I. The Pig, the Elephant and the Frog: towards a better ecosystem

Let me elaborate a bit on each of these animals. They illustrate three key elements of digital regulation that are crucial to promoting a better ecosystem at the international level. I will start with the pig. It is a symbol of good luck and prosperity, a shield against bad fortune: this leads us to cybersecurity. Cybersecurity is a sine qua non for a reliable and sustainable digital future. The cyber threat is global, so the cyber “shield” should be global too. Cooperation between authorities and jurisdictions is therefore essential. In November 2019, the Banque de France and MAS signed a Memorandum of understanding on cybersecurity. Our teams have started to discuss since then.

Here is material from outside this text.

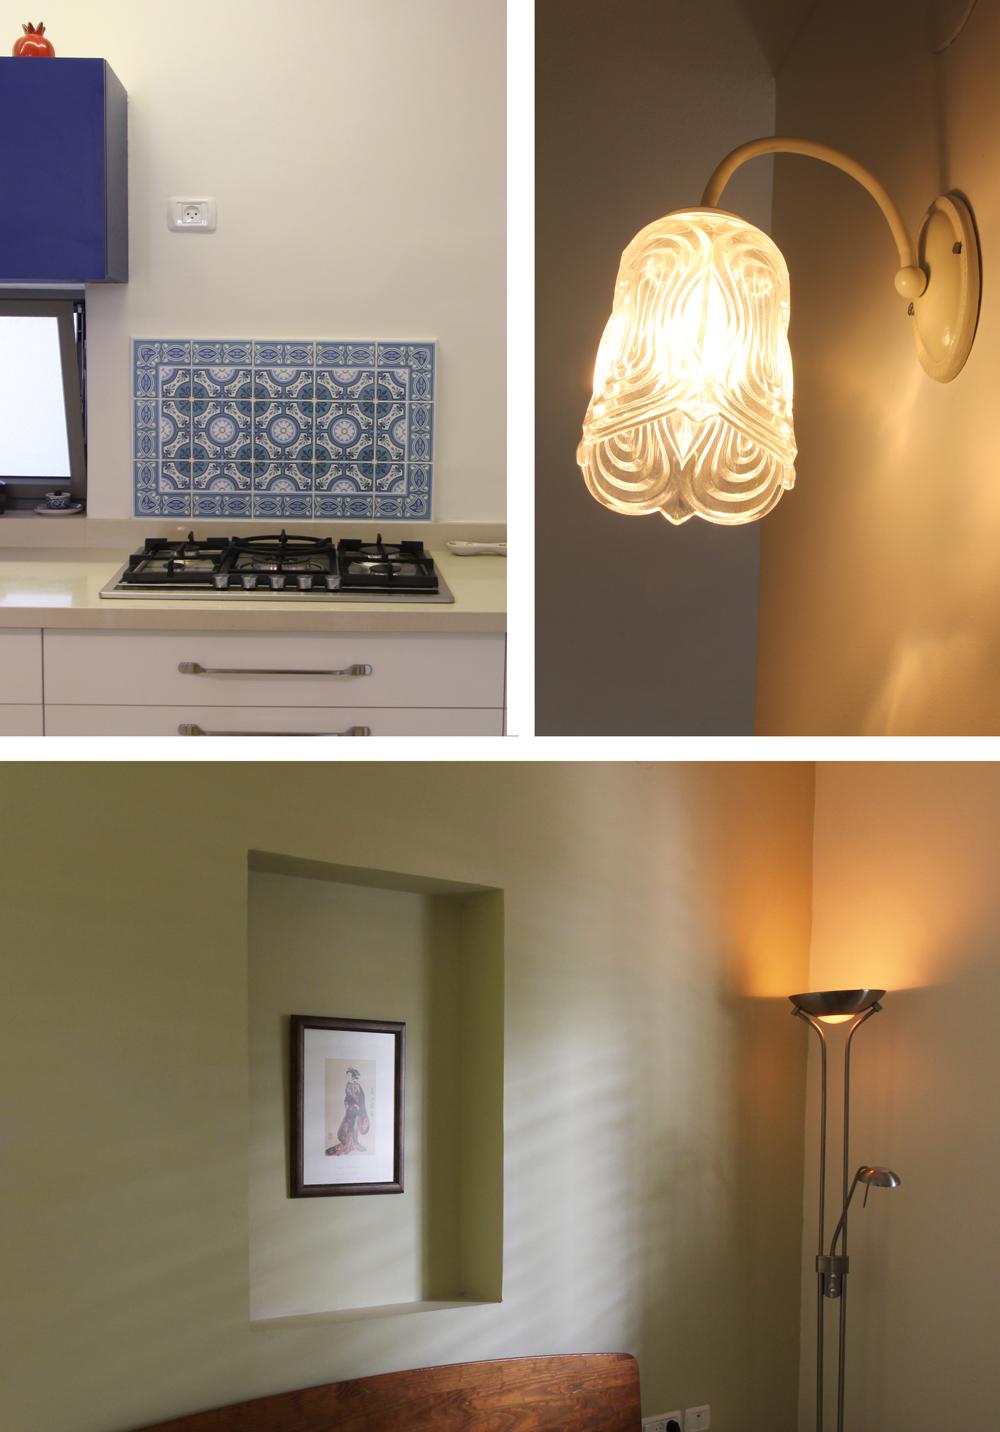 אלמנטים היוצרים אווירה – מנורה משוק הפשפשים, אריחים מודפסים מעל הכיריים, נישה בגב המיטה

The global cyber “shield” also needs harmonised and strengthened regulatory frameworks. Clearly, progress has been made these past few years, in particular thanks to the publications of the FSB: a common lexicon in 2018 and a common Cyber Incident Response and Recovery toolkit this year. However, in order to address the remaining fragmentation, it is essential to structure the international governance on cyber issues; it could be partly inspired on what has been done in the area of money laundering with the FATF. Other important global challenges still need to be addressed, such as the oversight of Information and Communication Technology third-party providers that are taking an indirect albeit increasing role in the delivery of financial services. In Europe, an oversight framework for the most critical providers, including for Cloud computing services, is proposed in the DORA regulation project: such an ambitious initiative, which will involve the whole financial sector, could inspire a more global framework.


Let us move to the elephant. It has another useful talent: memory. This brings us to the issue of data protection. Financial supervisors and authorities in charge of privacy have to invent new ways of cooperation to address data issues and their interaction with financial services. We can all notice that there is a striking discrepancy between financial services being “borderless” and privacy regulations elaborated mostly at the country or regional level, reflecting differing social norms. Furthermore, technology disrupts uses and pushes regulation to evolve, both in the financial and the privacy fields. The payments industry in particular makes an ample use of personal data. So we would need a global “privacy data protection” framework just as we have a common financial regulatory framework, with trustworthy privacy-friendly financial services and an upward alignment of privacy regulations and best practices. Europe has harmonised its data privacy legislation – and the GDPR is becoming an international standard. We now need to extend cooperation further with our partners, and not only cross-border cooperation, but also cross-disciplinary cooperation.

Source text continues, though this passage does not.